Given far more screentime by showrunners David Benioff and D.B. Weiss than the character had in the source novels by George R.R. Martin, Madden had to strike a difficult balance. Robb Stark had to show the moral and physical courage of his father Ned, rallying the audience to his side in the war against the Lannisters, while still making the kind of decisions only an inexperienced kid forced to take power prematurely could make. He was a hard character to support, but an easy character to care about, and that made tonight as brutal as TV gets. In a conference call, Madden talked about the lingering impact of the life and death of Robb Stark.

You and Michelle [Fairley] are very close. What does it mean to film your exit with Michelle, who’s been your real professional partner through this journey for three seasons?

We built up the best relationship on and off screen, I think, over the course of the past few years. We went into that scene with a heavy heart, because we really love being on that show and we love working together. You know, you don’t get to work with the same actors very often. Me and Michelle just have had this great dialogue – that is something real, where you can build it up over the course of a few years, that you only get with long-running TV shows with great writing like that. It was a really hard thing to push through, but the scripts were great, and the whole episode was so operatic, almost, in how the writing had placed little details throughout the whole sequence of events that happened in episode nine.

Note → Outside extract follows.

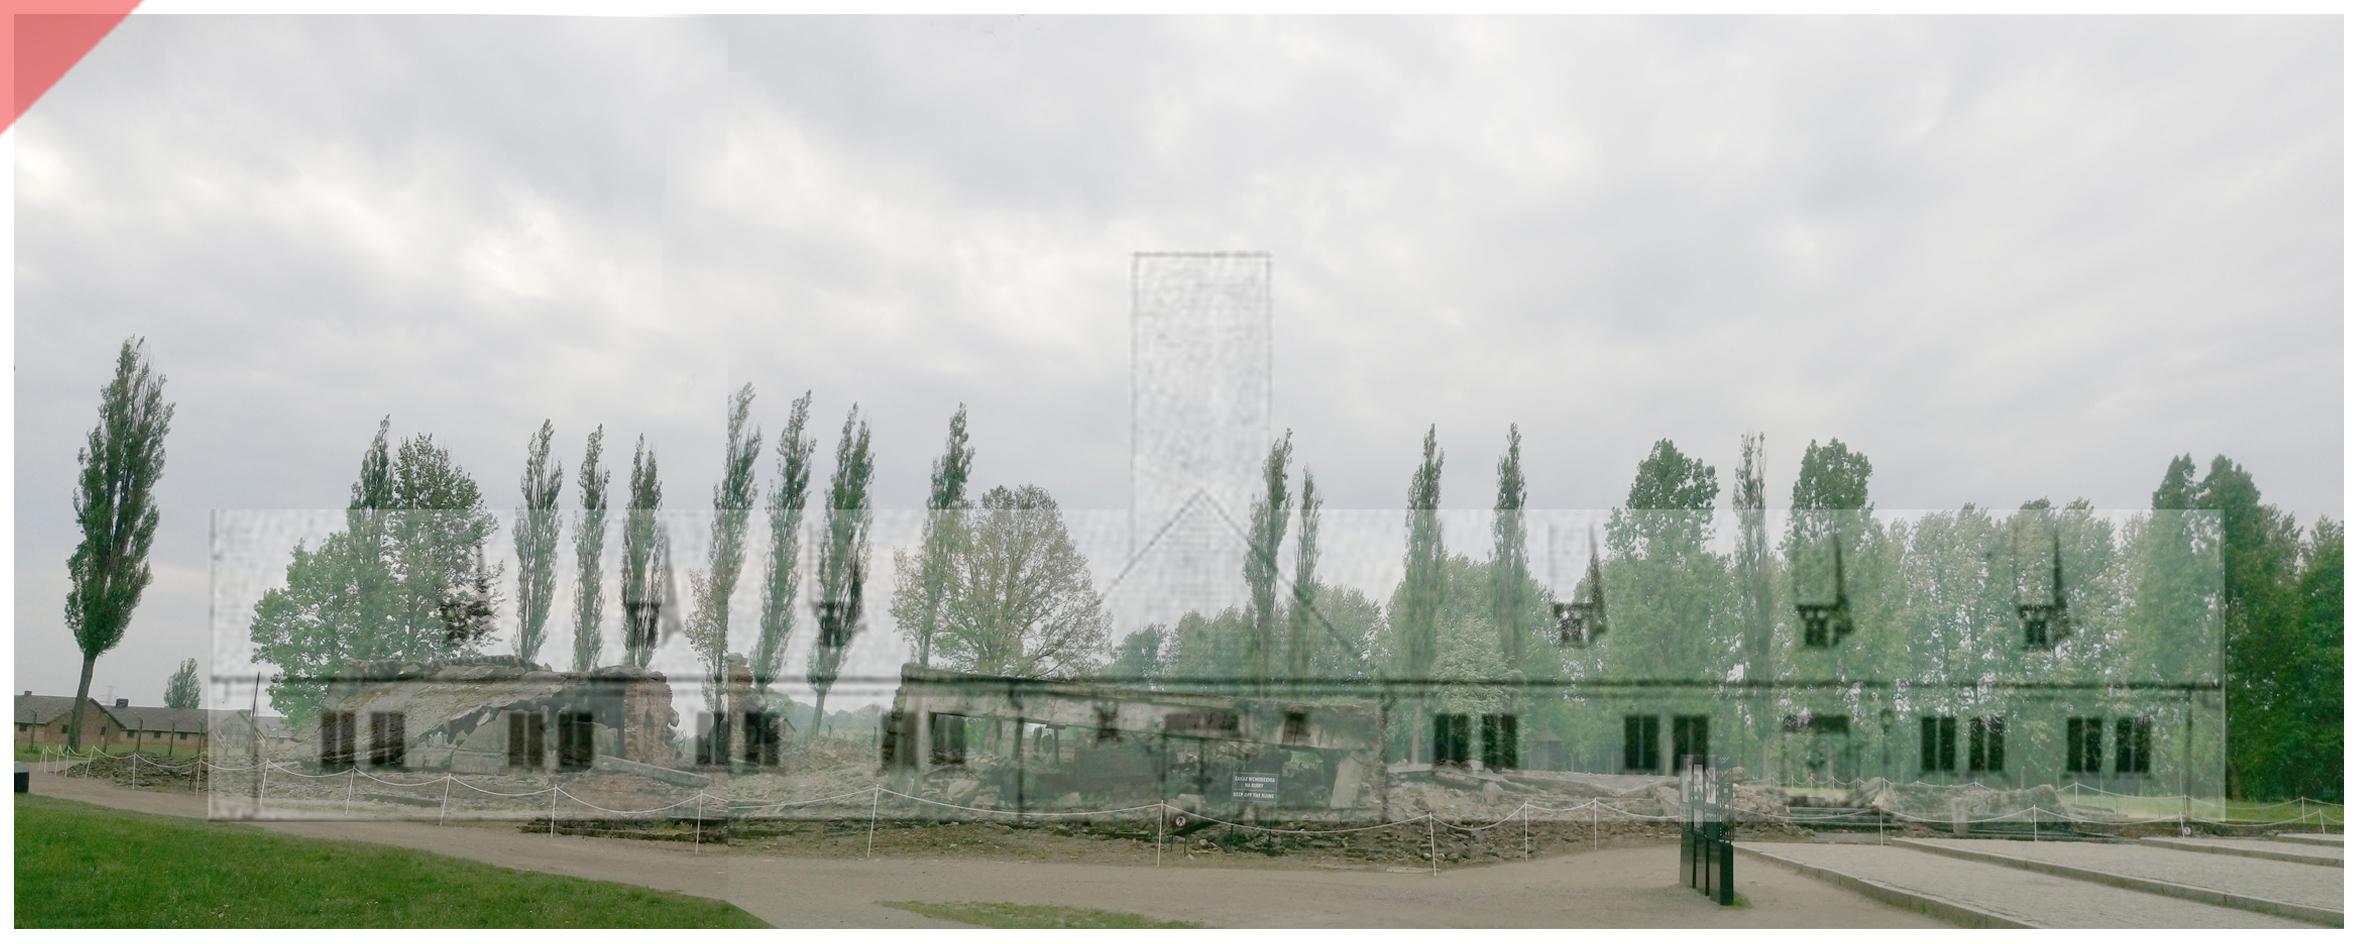 Auschwitz-Birkenau-Krematorium-2-II-superimpose-now-then-1943-1944-Photo

When we shot the scene, it took a few days, because it’s huge. And there’s a moment in this scene where we look at each other . . . it’s Robb Stark essentially saying goodbye to his mother and giving up, and rather than it being something really bad, there’s a moment of tragedy and utter relief, actually, because these two characters have fought and fought and fought and fought, and it’s finally over. Me and Michelle really felt that on the day, as did a lot of the crew, I think. We’re one big family that’s plowed through this for years, and it’s a sad day.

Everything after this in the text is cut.